Fair Work strips $85k from executive package in earnings calculation

At-risk compensation doesn't count toward the threshold even with predetermined formulas

Fair Work strips $85k from executive package in earnings calculation

A $235,000 executive package shrank to $150,000 in a Fair Work ruling that changes how performance bonuses count toward unfair dismissal thresholds.

The Fair Work Commission handed down a decision on January 16, 2026, that should make HR teams rethink how they calculate executive compensation packages. Network RV Pty Ltd learned the hard way that adding up what you actually pay an employee does not necessarily equal their legal earnings.

Jim Moutsias served as the company's Chief Operating Officer from January 2020 until his termination on July 18, 2025. When he filed for unfair dismissal, Network RV immediately objected. The company calculated his total package at $235,729.96, well over the $183,100 high-income threshold that bars workers from pursuing unfair dismissal claims.

The math seemed simple enough. Moutsias earned a $150,000 base salary. He received $40,800 in production bonuses, $20,800 as a car allowance, and the company contributed $24,129.96 to his superannuation. Network RV argued that all those payments combined put him firmly in high-earner territory, beyond the protection of unfair dismissal laws.

Commissioner Connolly saw things differently. The Fair Work Act draws specific lines around what counts as earnings. Payments that cannot be determined in advance do not count. Neither do reimbursements or mandatory superannuation contributions.
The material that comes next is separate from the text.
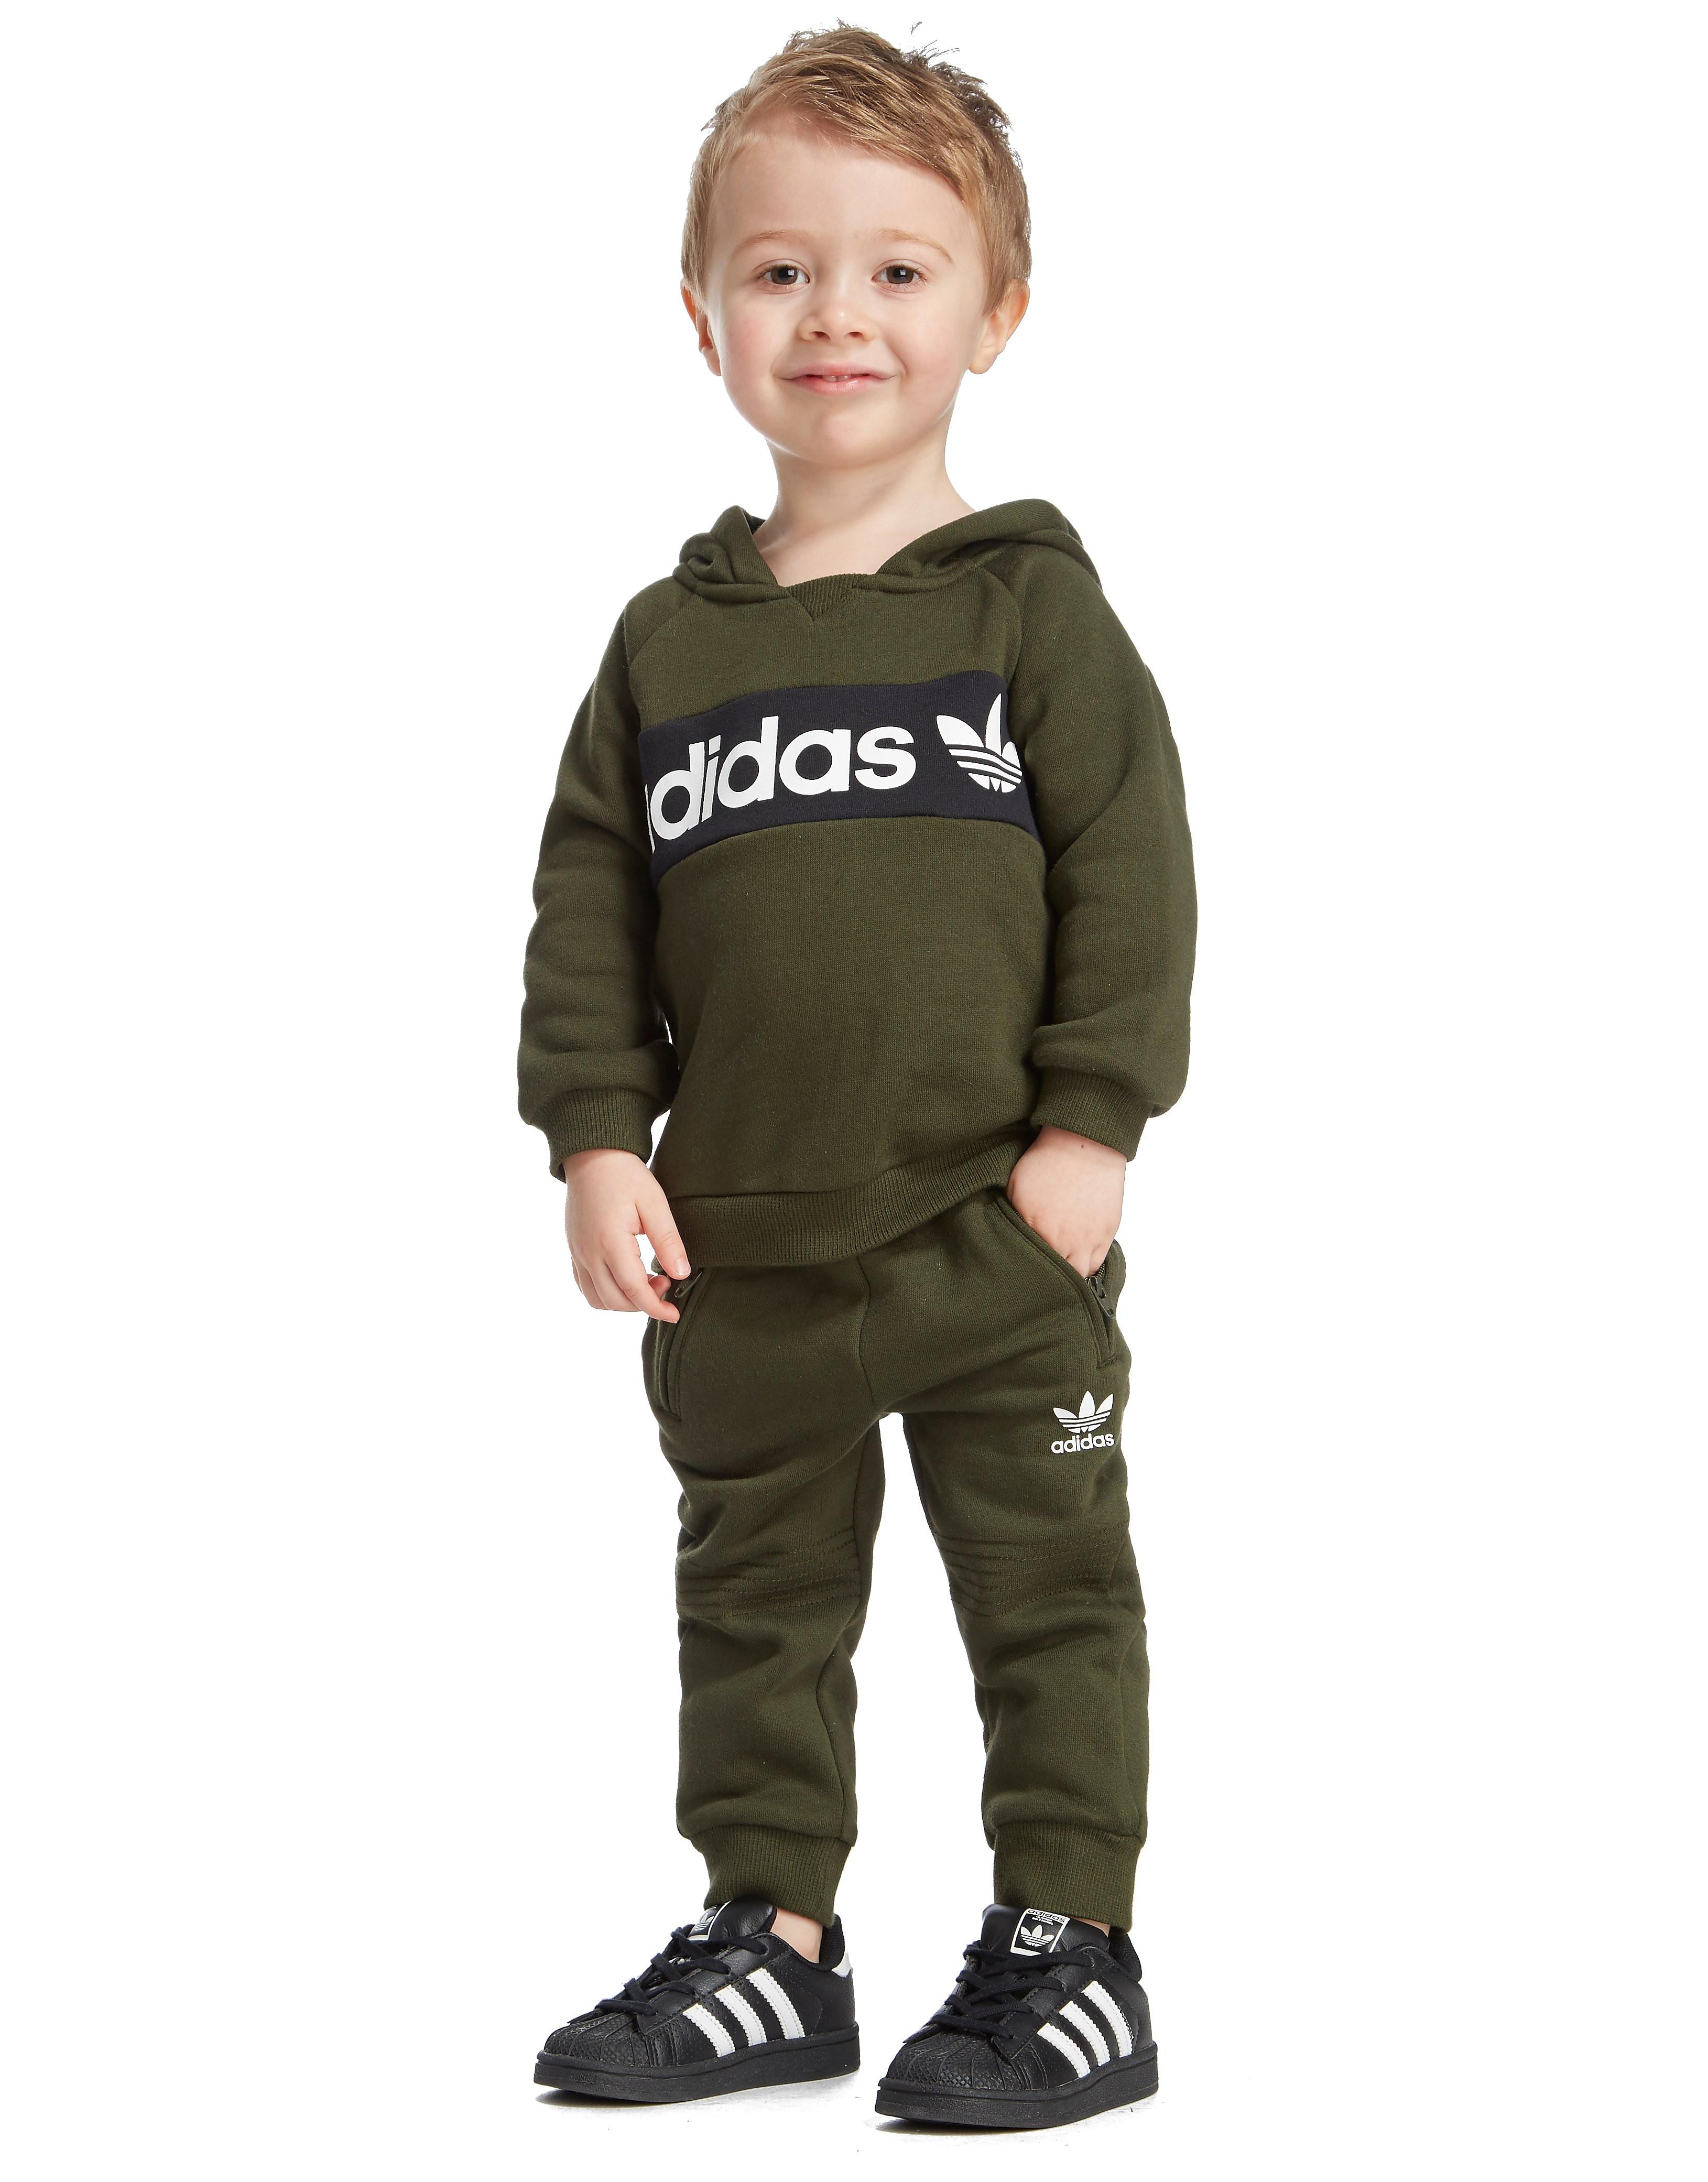 adidas Originals Logo Overhead Hoodie Infant

The production bonus became the battleground. Network RV insisted the payment was essentially fixed. The formula was clear: when weekly production exceeded a set threshold, Moutsias would receive a predetermined amount for each unit produced above that level. The company knew the rate, the employee knew the rate, and the payment could be calculated the moment production figures came in.

Moutsias argued that knowing the rate meant nothing if he never hit the targets. The bonus depended entirely on performance. Miss the production goals and the money disappeared. The payment was not guaranteed.

The Commission sided with the employee. Commissioner Connolly noted the employer "has not provided me any further information or submission to established that the production bonus payments made to the Applicant were guaranteed to be received by him." Without proof the bonus was locked in regardless of performance, it could not count as earnings.

The superannuation contributions fell away too, as the law requires. The car allowance raised questions about whether any portion covered personal use, but that issue became irrelevant once the bonus was excluded.

Strip those amounts out and Moutsias landed at his $150,000 base salary, safely below the threshold. The company's jurisdictional objection failed. His unfair dismissal case will now proceed.

The ruling clarifies a distinction many employers miss. A performance bonus with a clear formula still fails the "determined in advance" test if the employee must meet conditions to collect it. The question is not whether you know the amount that would be paid if targets are met. The question is whether the payment is guaranteed.

For HR leaders structuring executive offers, the stakes are real. An employee collecting north of $200,000 annually may still access unfair dismissal protections if enough of that money is genuinely at risk. How you structure and document bonuses, commissions, and allowances can determine whether a termination lands you in front of the Fair Work Commission or not.